*GOAL OF THE EXERCISE:*
Retype, word for word, each line between the lines holding "45 SE 3rd Ave" and "Hadivincent Architects Oval", inclusive, and leave the rest of the data alone.

*DATA FOR THIS TASK:*
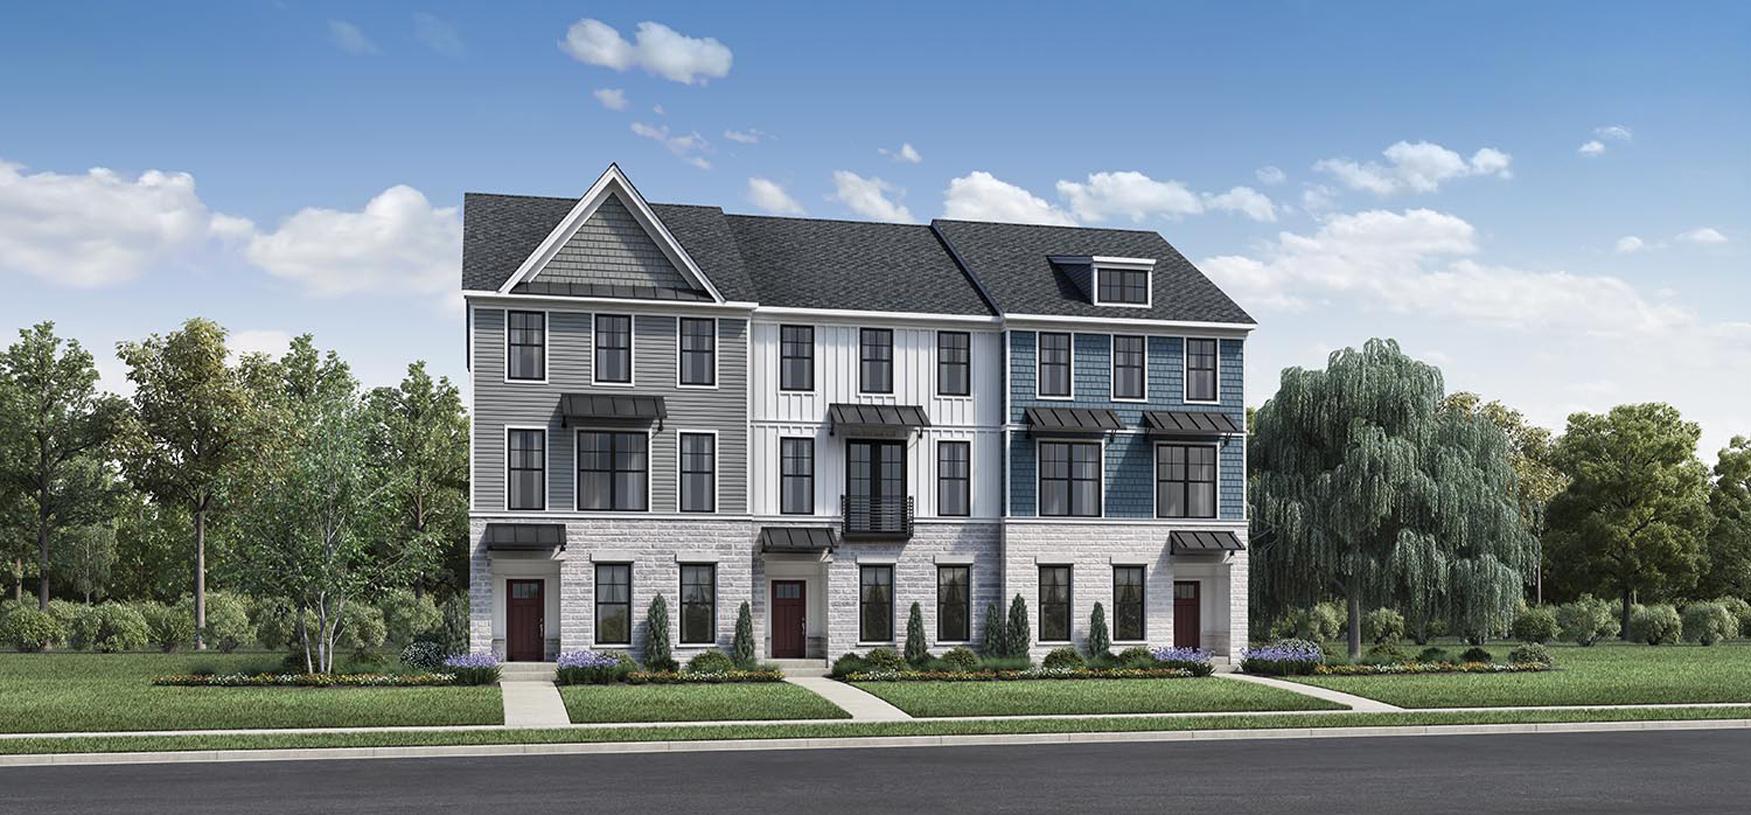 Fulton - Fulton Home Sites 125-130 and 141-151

--

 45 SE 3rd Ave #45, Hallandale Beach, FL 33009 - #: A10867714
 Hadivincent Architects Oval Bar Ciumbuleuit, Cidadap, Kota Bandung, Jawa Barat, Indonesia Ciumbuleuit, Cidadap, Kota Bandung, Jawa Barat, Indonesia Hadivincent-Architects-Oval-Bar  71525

*THE ANSWER:*
 45 SE 3rd Ave #45, Hallandale Beach, FL 33009 - #: A10867714
 Hadivincent Architects Oval Bar Ciumbuleuit, Cidadap, Kota Bandung, Jawa Barat, Indonesia Ciumbuleuit, Cidadap, Kota Bandung, Jawa Barat, Indonesia Hadivincent-Architects-Oval-Bar  71525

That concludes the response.